How exactly visceral fat cells differ from subcutaneous (under-the-skin) fat cells is not entirely clear, but it is clear that visceral fat produces inflammatory effects in the body. In particular, excess visceral fat has been consistently associated with insulin resistance and diabetes as well as heart disease. Because the fat cells in the belly put inflammatory molecules into the blood stream, and because chronic inflammation is increasingly associated with a wide variety of ailments, scientists speculate that visceral fat may soon be firmly associated with cancer and with many of the effects of aging. So there's a lot at stake in getting belly fat under control.

But for anyone who despairs of conquering his waistline, here's the good news: you may be able to make a big change in the effects of visceral fat even without making a big change in your overall shape. So suggest researchers at the University of Illinois who conducted a study on mice to determine the effects of diet and exercise on visceral fat and its inflammatory effects. The results are published in the May issue of the American Journal of Physiology: Endocrinology and Metabolism. In the study, the researchers divided mice (who had been fed a high-fat diet to generate big tummies) into several categories: sedentary, low-fat diet, exercise, and diet with exercise. The diet with exercise group was further divided into mice studied for six weeks and ones studied for 12, to see the differences in duration. The mice were monitored for their amount of visceral fat and its degree of inflammation, measured in part through insulin resistance and liver function. Their results were startling, even to the researchers themselves.

First, the only mice who gained visceral fat in the study were the sedentary mice. All the other mice—so long as they did something, diet or exercise or both—either lost fat or stayed the same.

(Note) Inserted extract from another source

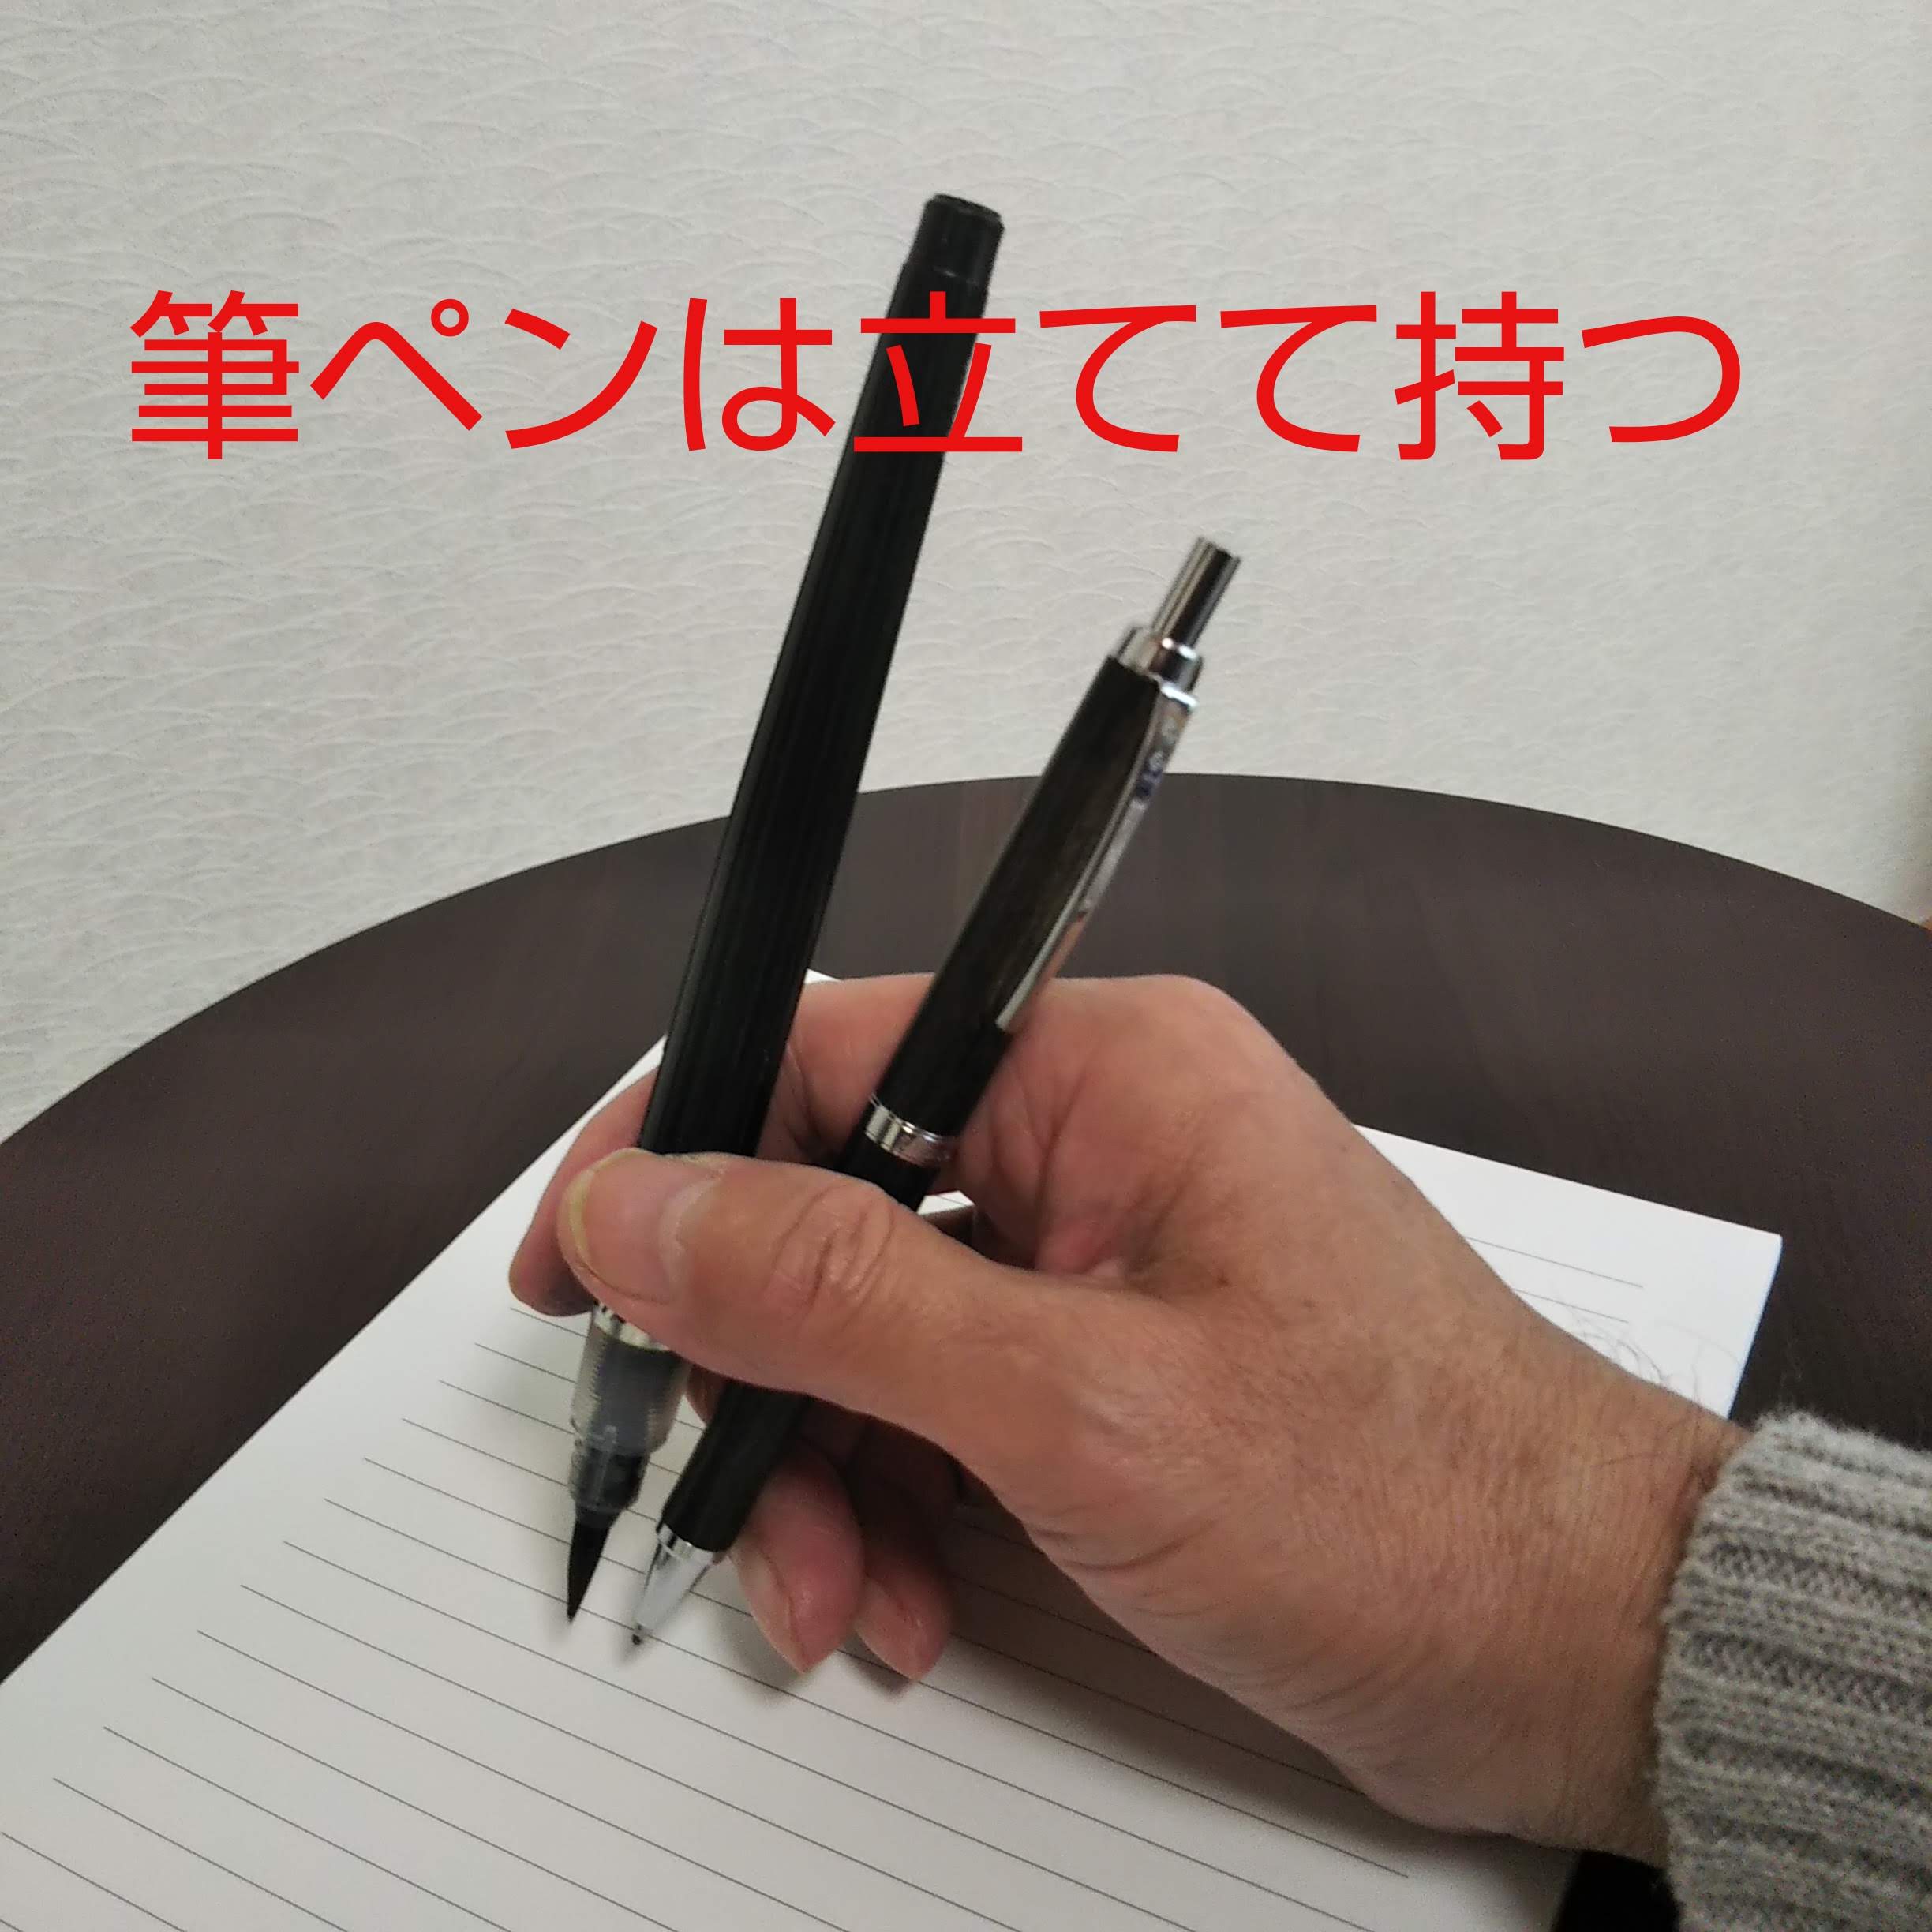 美文字 のための ペンの持ち方 筆ペン編 翠雲ネット書道教室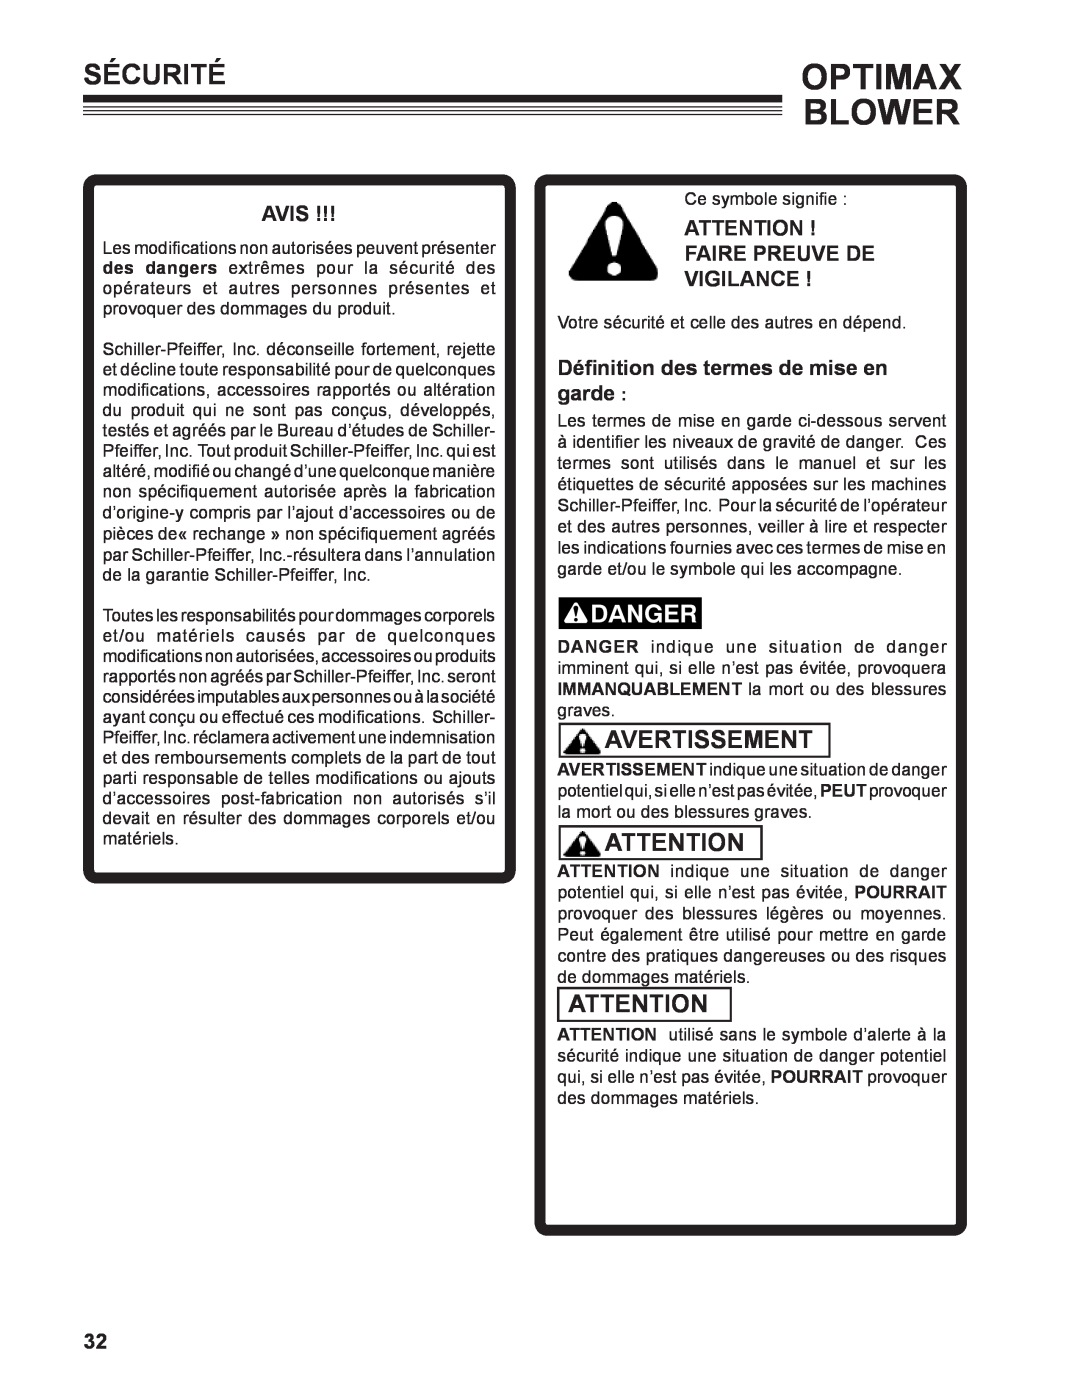 Little Wonder LB601-00-01 technical manual Sécuritéoptimax, Avertissement, Avis, Faire Preuve De Vigilance , Blower

Even so, combining diet with exercise didn't yield a substantially better result than just diet or exercise alone. This was a big surprise to researchers, who expected to see that the mice had to actually lose the visceral fat in order to reap benefits. In fact, mice who continued to eat a high-fat diet but were on the exercise program managed to keep inflammation at bay. And here's the kicker: these exercising mice were hardly sweating themselves to death. In fact, as study researcher J.A. Woods explains, "This was a very modest exercise program. The mice ran on a treadmill only about one-fourth of a mile five days a week. For humans, that would probably translate into walking 30 to 45 minutes a day five days a week." This potentially means that quite moderate exercise can have strongly beneficial effects on visceral fat, even in the presence of a high-fat diet and persistent weight issues.

As Woods puts it, "Even if you struggle with dieting, we believe you can still reduce the likelihood of developing obesity-related inflammatory diseases, such as Type 2 diabetes and heart disease, by adding a modest amount of exercise to your life." Bottom line: it's worth getting out there and moving around, even if you're not going to achieve the perfect body. You don't need to be (or look like) a marathoner for exercise to seriously help your health. And every little bit you do counts.